Get all relevant files

the_files <- list.files(path = from_dir, recursive = TRUE, pattern = pattern)

[1] "20211130_209524441022_RCC/20211130_209524441022_SC718373_01.RCC" [2] "20211130_209524441022_RCC/20211130_209524441022_SC718374_04.RCC" [3] "20211130_209524441022_RCC/20211130_209524441022_SC718375_07.RCC" [4] "20211130_209524441022_RCC/20211130_209524441022_SC794160_10.RCC" [5] "20211130_209524441022_RCC/20211130_209524441022_SC794164_02.RCC"

list.files(data_directory, pattern = ".RCC$|.RCC.gz$", recursive = TRUE)

rcc <- load_rcc( data_directory = the_files, ssheet_csv = "PATH/Desktop/IDv1.csv", id_colname = list.files(the_files, pattern = ".RCC$|.RCC.gz$", recursive = TRUE), housekeeping_predict = TRUE, ) [NACHO] Importing RCC files. Error: Must extract column with a single valid subscript. x Subscript id_colname has size 0 but must be size 1. Run rlang::last_error() to see where the error occurred.

I simply want to utilize this useful package and loop through all the subfolders and read into RCC.

For more help, try to make a small reproducible example using for instance the {reprex} R package.
And/or show your directory tree structure with fs::dir_tree maybe.

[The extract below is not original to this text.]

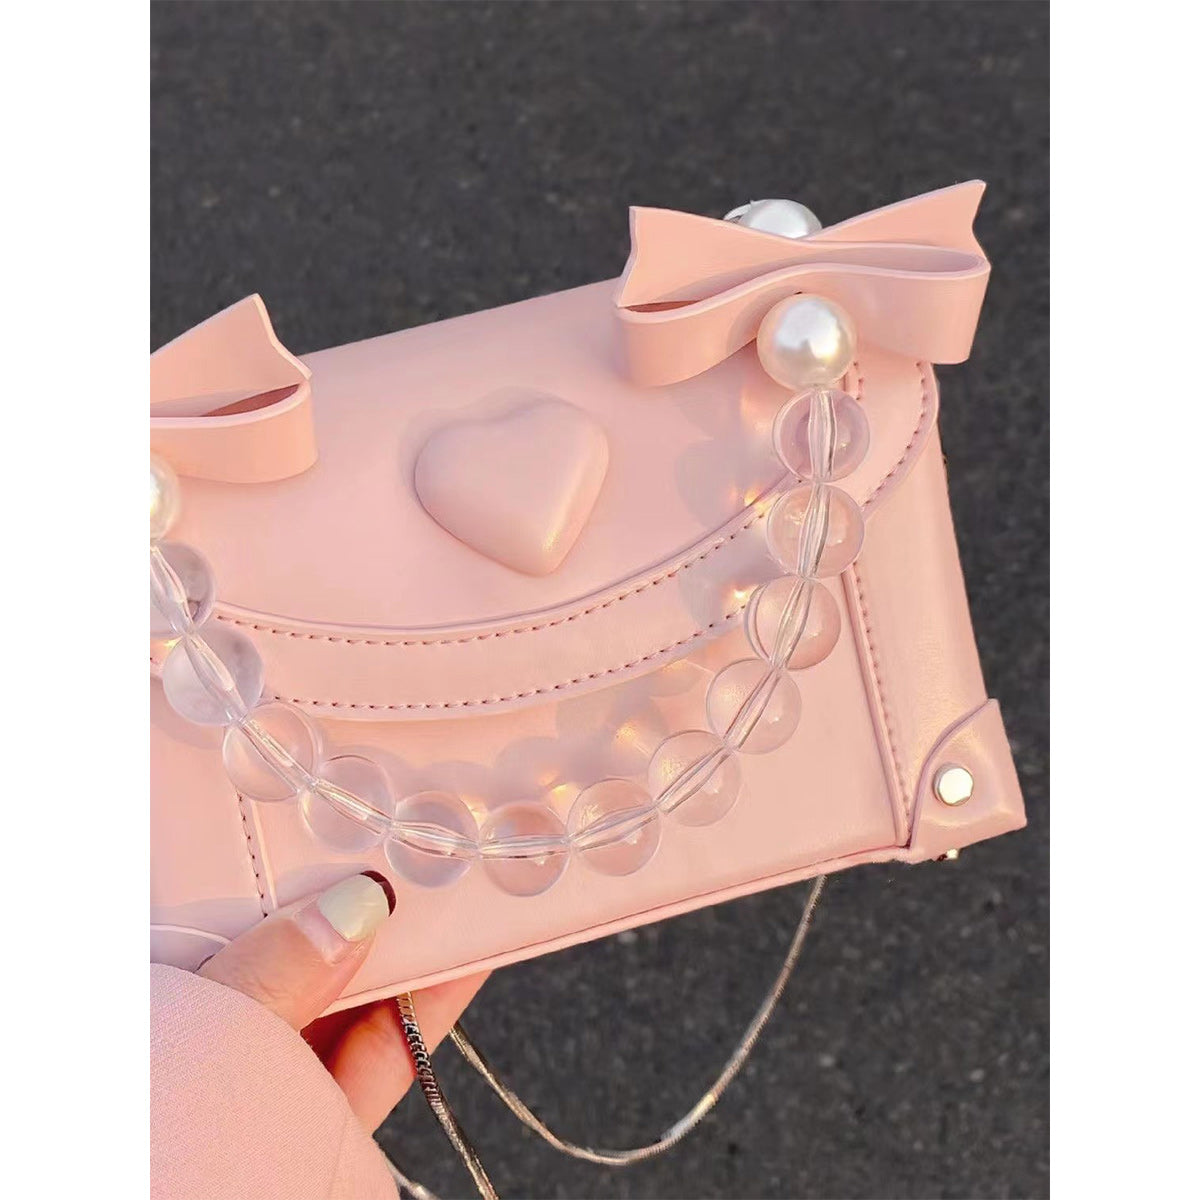 Minority Sweet Summer Versatile Pink Heart Crystal Box Bag Pearl Chain Portable Messenger Bag - Jam Garden

Based on your different inputs, if I try to guess and write a working simple code, it should be:

library("NACHO")
data_directory <- "PATH"
ssheet_df <- data.frame(
  sample_label = list.files(data_directory, pattern = "\\.RCC$|\\.RCC.gz$", recursive = TRUE)
)
load_rcc(
  data_directory = data_directory, 
  ssheet_csv = ssheet_df, 
  id_colname = "sample_label"
)

The code above will import all RCC files found within data_directory recursively.